Não há dúvida de que as críticas dirigidas ao assistente são contundentes, mas além de surgir contextualizada num domínio que é tipicamente conflitual, ou seja, que vive permanentemente do confronto de ideias, posicionamentos e estratégias de atuação individual que se situam muitas vezes em polos ideológicos bastante divergentes, as mesmas surgem ainda esmaecidas pelo facto de serem dirigidas ao próprio movimento sindical e aos seus lideres, não poupando o arguido os que integram uma outra organização sindical, numa atuação típica de quem fundamentalmente critica a atividade sindical desenvolvida pelo assistente e os resultados com ela alcançados, assim como a atitude fraca ou frouxa com que a desenvolveu, e mais do que qualquer ataque a qualidades desvaliosas da sua própria pessoa. Ou seja, o estilo de linguagem usada, o seu caráter contundente, desagradável e até agressivo, não pode ser desligado das circunstâncias em que foi usada, onde o exercício da liberdade de expressão é fundamental para que, no âmbito do exercício da liberdade sindical, os próprios trabalhadores possam ter uma participação ativa e efetivamente livre “em todos os aspetos da atividade sindical”, como diz a Constituição, reafirmando-se assim o que o Tribunal Europeu dos Direitos Humanos tem dito múltiplas vezes, e passamos a repetir, que “a liberdade de expressão constitui um dos fundamentos essenciais duma sociedade democrática, uma das condições primordiais do seu progresso e do desenvolvimento pessoal de cada um” que “vale não apenas para as ‘informações’ ou ‘ideias’ acolhidas favoravelmente ou com indiferença, mas também para aquelas que ofendem, chocam ou produzem inquietação. Sendo estas exigências de pluralismo, tolerância e mentalidade aberta, fundamentais, sem as quais não poderá haver uma sociedade democrática. E pese embora, como resulta do art.º 10º, uma tal liberdade esteja sujeita a exceções, estas, todavia, têm de ser interpretadas de modo estrito, assim como a necessidade de quaisquer restrições tem de ser estabelecida de modo convincente.”[7]
Face ao exposto, e ainda por adesão aos fundamentos da decisão recorrida, fundamentos aos quais este Tribunal se podia ter limitado a aderir, nos termos do art.º 425º, nº 5, do CPP, irá ser negado provimento ao recurso.

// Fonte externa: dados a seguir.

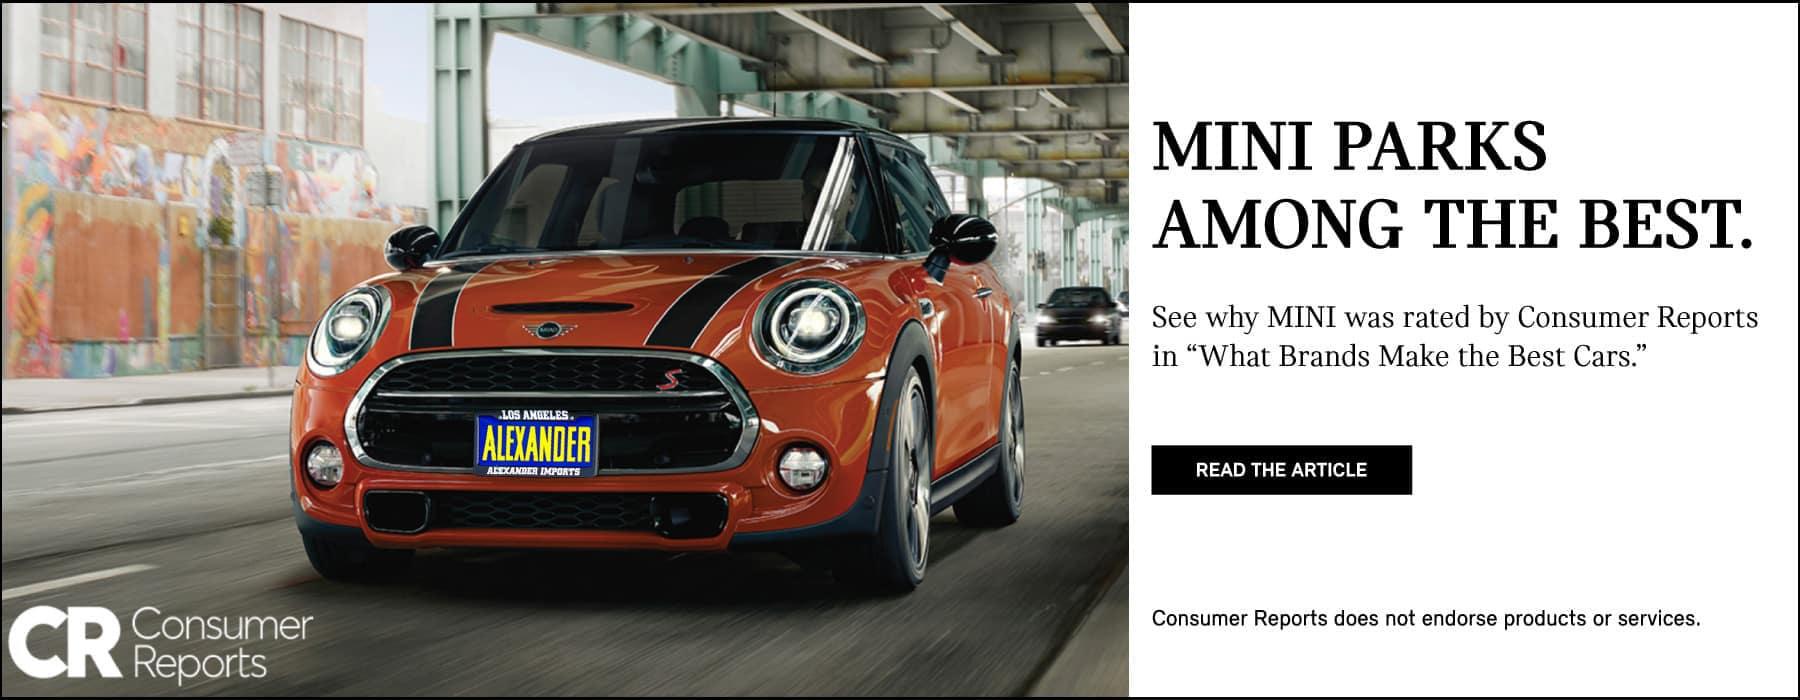 MINI parks among the best. Consumers Report. MINI Cooper S Hardtop 2 Door. Read the Article.

2.1. Responsabilidade pelas custas
Uma vez que o assistente decaiu no recurso interposto, é responsável pelo pagamento da taxa de justiça e dos encargos a que a sua atividade deu lugar (artigos 515.º, nº 1, al. b), e 514.º, nº 3, do Código de Processo Penal).
Nos termos do disposto nos art.º 8º, nº 9, do Regulamento das Custas Processuais e a Tabela III a ele anexa, a taxa de justiça varia entre 3 a 6 UC, devendo ser fixada pelo juiz tendo em vista a complexidade da causa, dentro dos limites fixados pela tabela III.
Tendo em conta a complexidade do processo, julga-se adequado fixar essa taxa em 4 UC, ficando ainda a seu cargo, enquanto demandante cível, as custas na parte cível, nos termos do disposto nos art.ºs 523º do CPP e 527º do CPC.


3. DISPOSITIVO
Face ao exposto, acordam os juízes da 2.ª Secção Criminal (4ª Secção Judicial) deste Tribunal da Relação do Porto em:

a) Negar provimento ao recurso interposto pelo assistente e demandante cível BB,

b) Condenar o recorrente no pagamento das custas do recurso, com taxa de justiça que se fixa em 4 UC, na parte crime, ficando ainda a seu cargo as custas do recurso na parte cível.


Porto, de 2023-11-15
Francisco Mota Ribeiro
Liliana Páris Dias
Manuel Soares
______________
[1] José de Faria Costa, Comentário Conimbricense do Código Penal, Parte Especial, Tomo I, Coimbra Editora, Coimbra, 1999, p. 606 e 607.
[2] Cf. José de Faria Costa, Idem, p. 612 e Manuel da Costa Andrade, Liberdade de Imprensa e Inviolabilidade Pessoal, Coimbra Editora, Coimbra, 1996, p. 83.
[3] Caso A v. Norway (Application no. 28070/06)
[4] Caso Juppala v. Finland (Aplication no.18620/03)
[5] Caso Bédat v. Switzerland (Application no. 56925/08)
[6] Manuel da Costa Andrade, Liberdade de Imprensa e Inviolabilidade Pessoal, Coimbra Editora, Coimbra, 1996, p. 83.
[7] Caso Bédat v. Switzerland (Application no. 56925/08) e neste sentido ainda, a jurisprudência citada, quer na decisão recorrida, quer na resposta ao recurso, quer no douto parecer do Ministério Público, junto deste Tribunal.